Home < High Seas: Part Two
As dusk neared and one by one the family trickled in,
wet and dripping, from their work among the groves, that was the scene with
which they were confronted. By this time, of course, the pirates had commandeered
all the couches, beds, and rugs, leaving the bewildered Abrams to pick their
way carefully among the snoozing, squabbling, odious masses and attempt to find
Pa Abram. Pa Abram, of course, was hiding, not wanting to meet Aunt Sophia,
who was on the warpath. Even most of the pirates would shuffle slightly out
of her way and attempt to look as if they hadn't even noticed the withered little
Eyrie stalking along the corridors with murder in her eyes.
Desterenel had woven her way through the pirates,
picking her way carefully so as not to step on one accidentally as it was hard
to tell the crew from the old rugs in some places, and had managed to insinuate
herself right at the side of the more handsome of the Sublieutenants. He was
clutching a mug of berry wine in his paws, sipping from it and complaining in
a deep, long-suffering voice about how weak it was. Desterenel sat right next
to his armchair, unnoticed for the most part by the group lazing about their
commander. Thus she was in the perfect spot to listen when he began expounding
tales of his bravery and past conquests. He rattled on and on, his subordinates
doing their best not to look bored. But Desterenel…

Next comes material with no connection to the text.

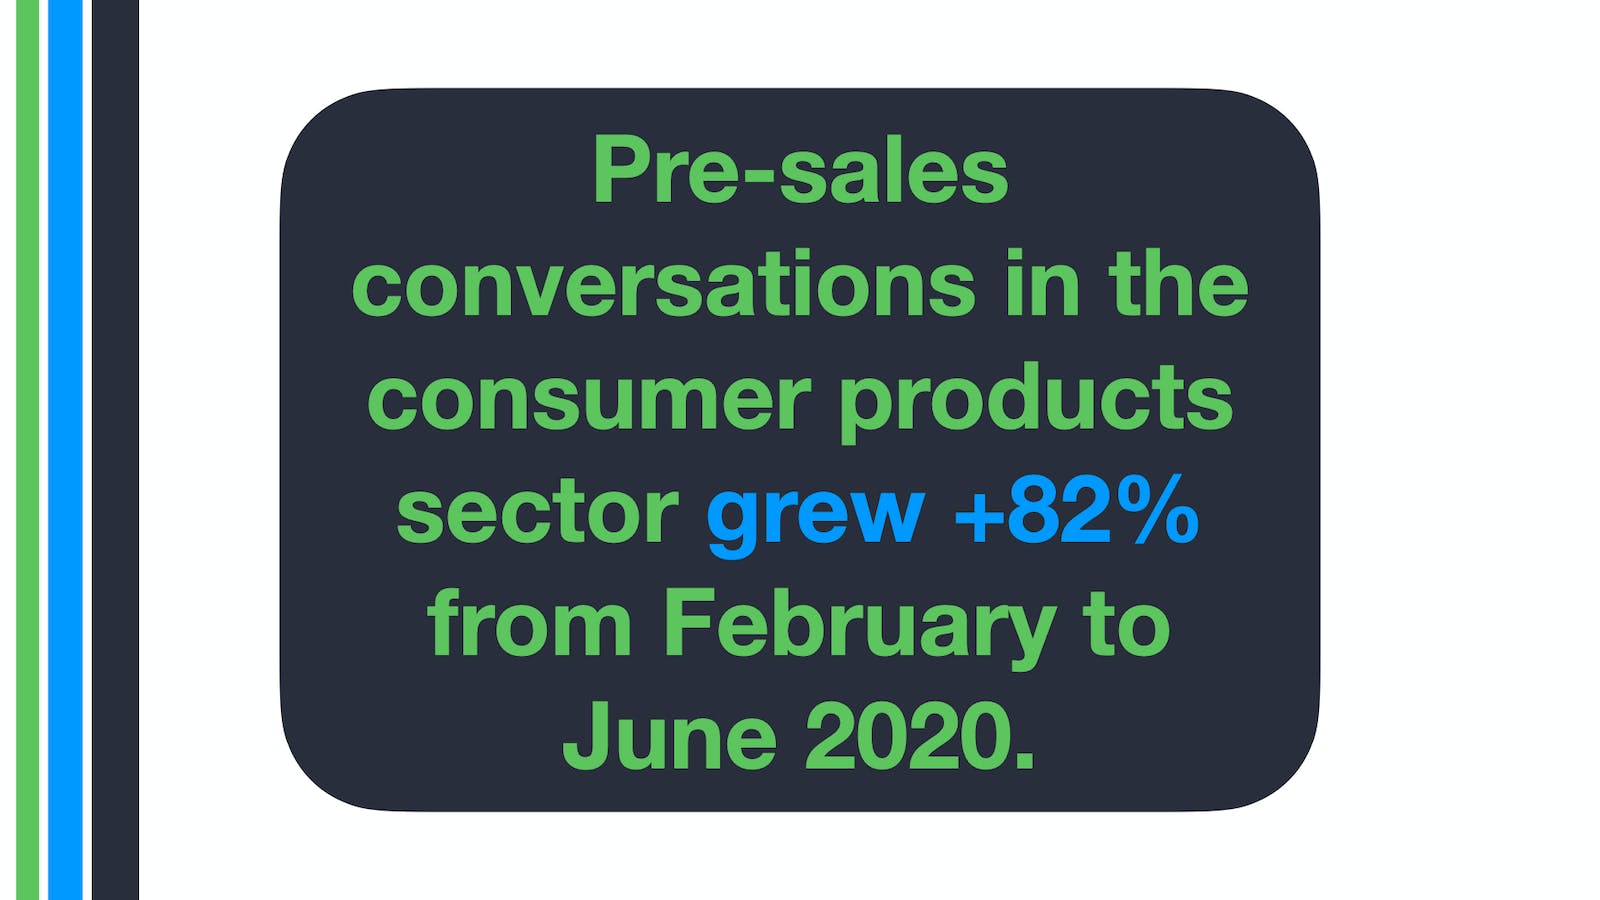 volume of conversations rise +82% in the consumer products sector.

Desterenel drank in his heavily accented words
like they were life-giving water. Her eyes shining, she crouched worshipfully
in the shade of the battered armchair, and was highly disappointed when her
terrified mother spotted her and dragged her out by the scruff of her neck,
much to the amusement of the pirates, who rumbled with deep laughter that seemed
to frighten Ma further.
Clutching her daughter by the scruff of the
neck, Ma crouched on all fours, mane puffed, ears back, eyes wide and pupils
shrunk to mere pinpoints. A hiss worked its way through her beak, and past Desterenel,
as she backed slowly away from the group. Suddenly, she spun, mindless with
fear for herself and her daughter, and leapt like an animal through the assembled
crowd. Like a flash she was up the stairs, apron flapping loose behind her and
causing her to trip. The whole room exploded into a roar of laughter at her
Desterenel was raced through the hallway, nearly
getting smashed into several pirates in the shower line, as her mother careened
through the halls, ricocheting madly off pirates, pirates, and more pirates.

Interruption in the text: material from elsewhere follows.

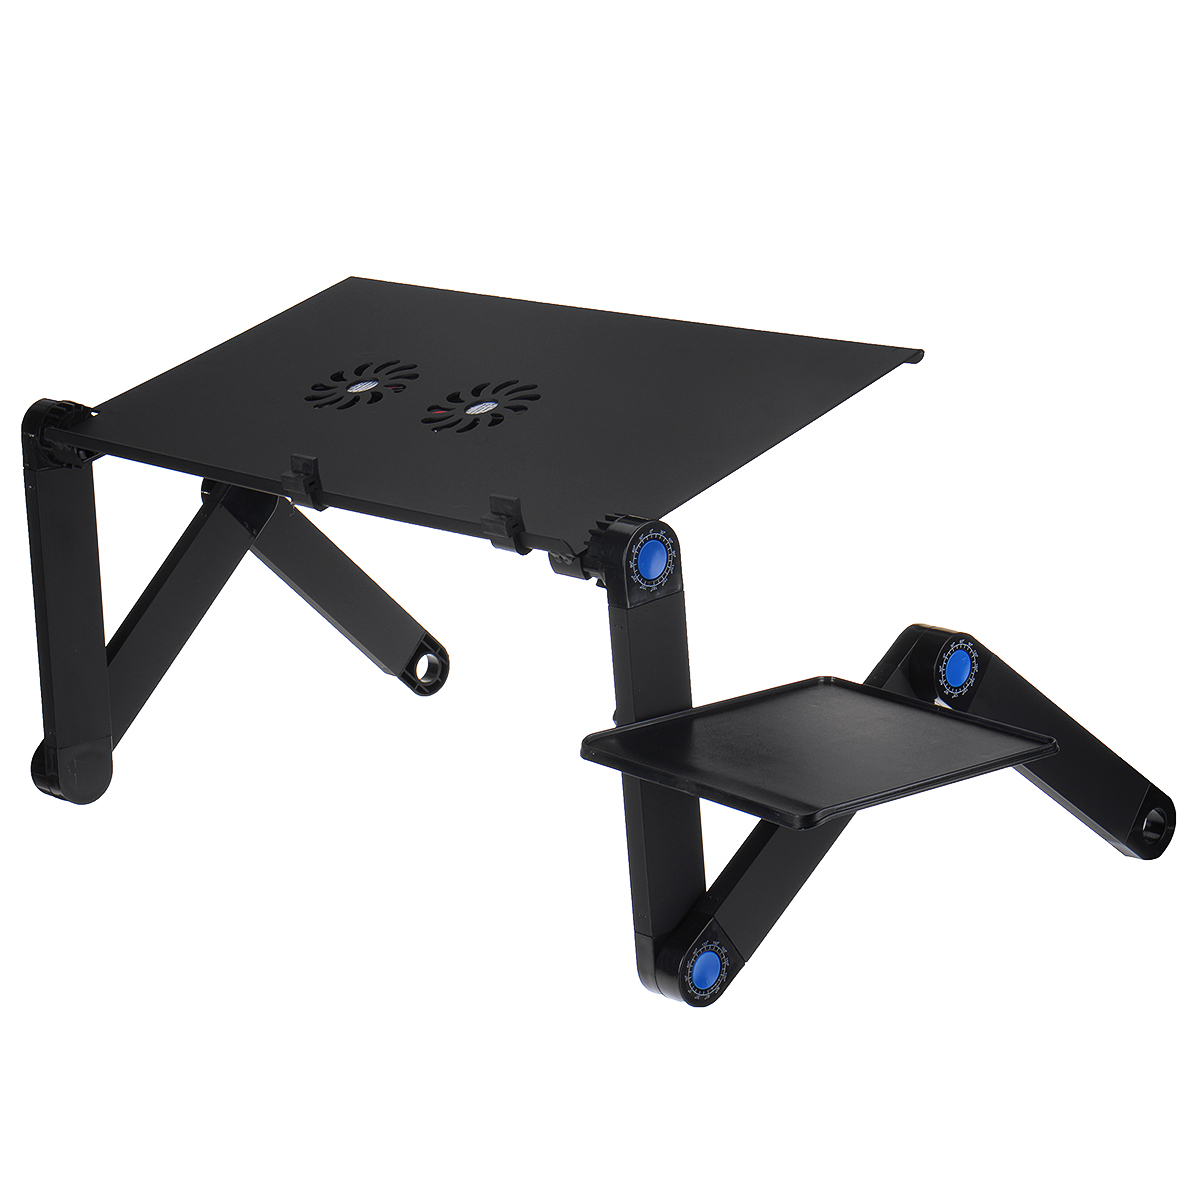 Cooling-Laptop-Desk-360-Degree-Aluminum-Alloy-Adjustable-Foldable-Cooling-Notebook-Table-for-Sofa-Be-1786133-12

She reached the end of the hall, threw open a door, leapt inside, and flung
Desterenel onto the floor. Ma grasped her daughter close with both hands, crushing
her silently to her chest. She gasped, winded, and nuzzled her offspring, simply
hugging her for several long moments. Then, suddenly, her mood mercurially flipping
from relief to anger, Ma jerked her daughter back to arm's length. Desterenel,
confused, hung there, foot-paws dangling off the floor as her mother stood.
Ma's furious visage filled the little Eyrie's sight.
"If you ever…If you even ever…Never…Never ever
do that again! You are staying here, in this room, until we manage to get those
beasts out of here! You shan't get any food, any dinner, not until they get
out of this house! How dare you! How dare you risk yourself like that! When
your family loves you! When I could bear anything but to lose you!"
But little Desterenel didn't hear anything past
the second sentence. Stay here? In this room? The only room in the house without
any pirates in it? Bad enough that she had been grabbed right in the middle
of the story about the Black Pawkeet, but she wouldn't even get to go back to
hear any others! Ever! How would she find out what happened next? She'd never
ever even get another chance to see real live pirates in her whole life!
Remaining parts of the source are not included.